We present multi-wavelength monitoring results for the broad-line radio galaxy 3C 120 in the MeV/GeV , sub-millimeter , and 43 GHz bands over six years .
Over the past two years , Fermi -LAT sporadically detected 3C 120 with high significance and the 230 GHz data also suggest an enhanced activity of the source .
After the MeV/GeV detection from 3C 120 in MJD 56240–56300 , 43 GHz VLBA monitoring revealed a brightening of the radio core , followed by the ejection of a superluminal knot .
Since we observed the \gamma -ray and VLBA phenomena in temporal proximity to each other , it is naturally assumed that they are physically connected .
This assumption was further supported by the subsequent observation that the 43 GHz core brightened again after a \gamma -ray flare occurred around MJD 56560 .
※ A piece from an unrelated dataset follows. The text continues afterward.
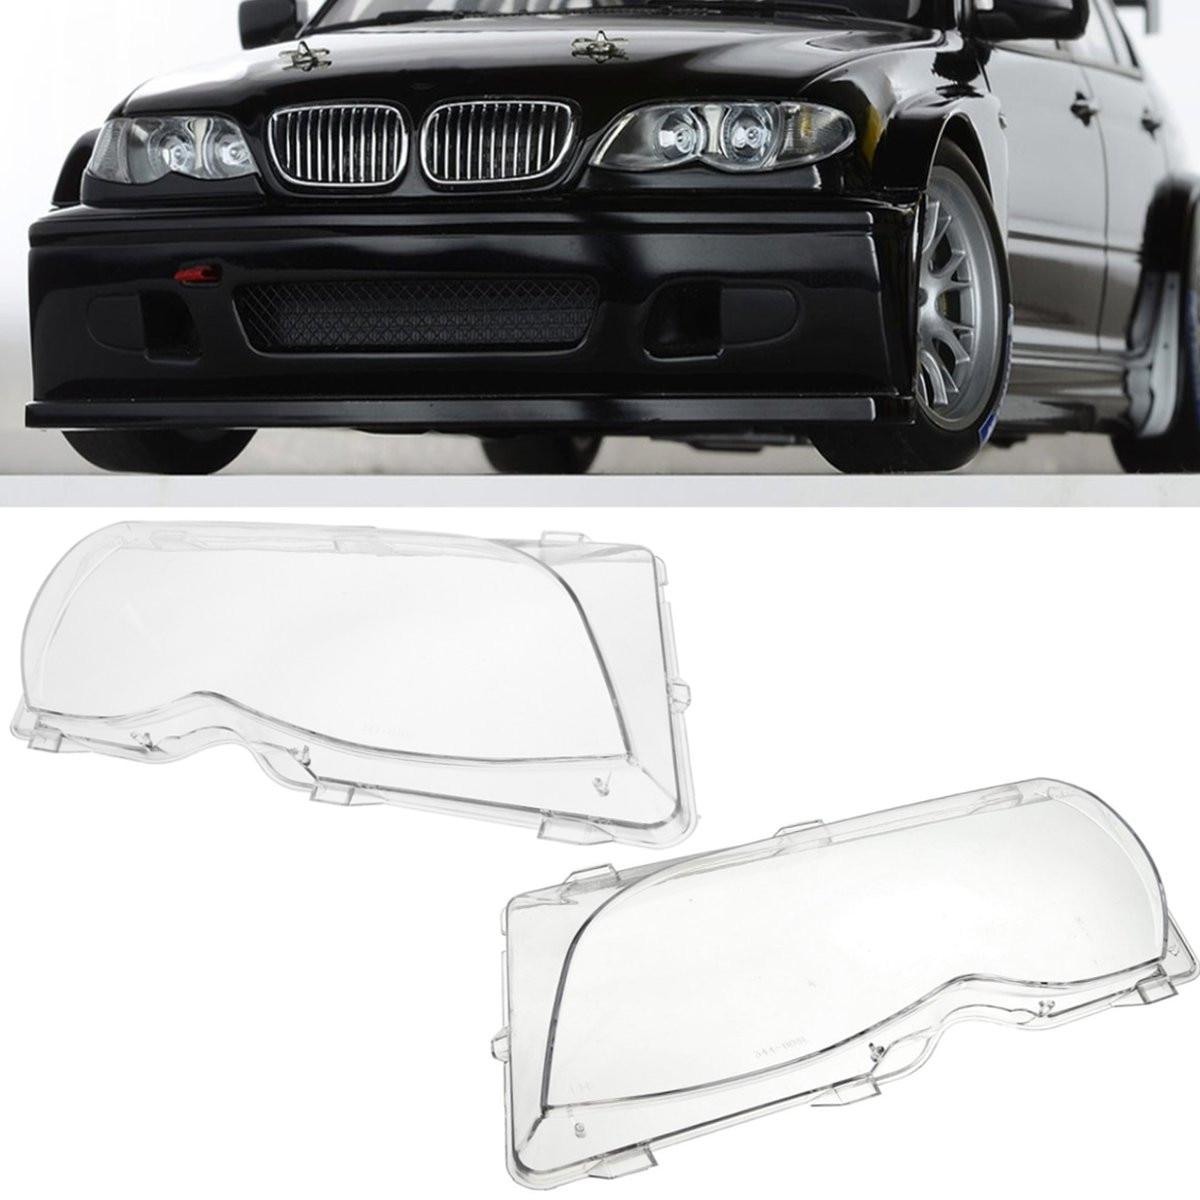 Left/Right Side Car Headlight Lens Covers Head Lamp Cover For BMW E46 320i/325i/325xi 4DR Sedan 2001 2002 2003 2004 2005 2006Left/Right Side Car Headlight Lens Covers Head Lamp Cover For BMW E46 320i/325i/325xi 4DR Sedan 2001 2002 2003 2004 2005 2006

We can then infer that the MeV/GeV emission took place inside an unresolved 43 GHz core of 3C 120 and that the jet dissipation occurred at sub-parsec distances from the central black hole , if we take the distance of the 43 GHz core from the central black hole as \sim 0.5 pc , as previously estimated from the time lag between X-ray dips and knot ejections ( 22 ; 8 ) .
Based on our constraints on the relative locations of the emission regions and energetic arguments , we conclude that the \gamma rays are more favorably produced via the synchrotron self-Compton process , rather than inverse Compton scattering of external photons coming from the broad line region or hot dusty torus .
We also derived the electron distribution and magnetic field by modeling the simultaneous broadband spectrum .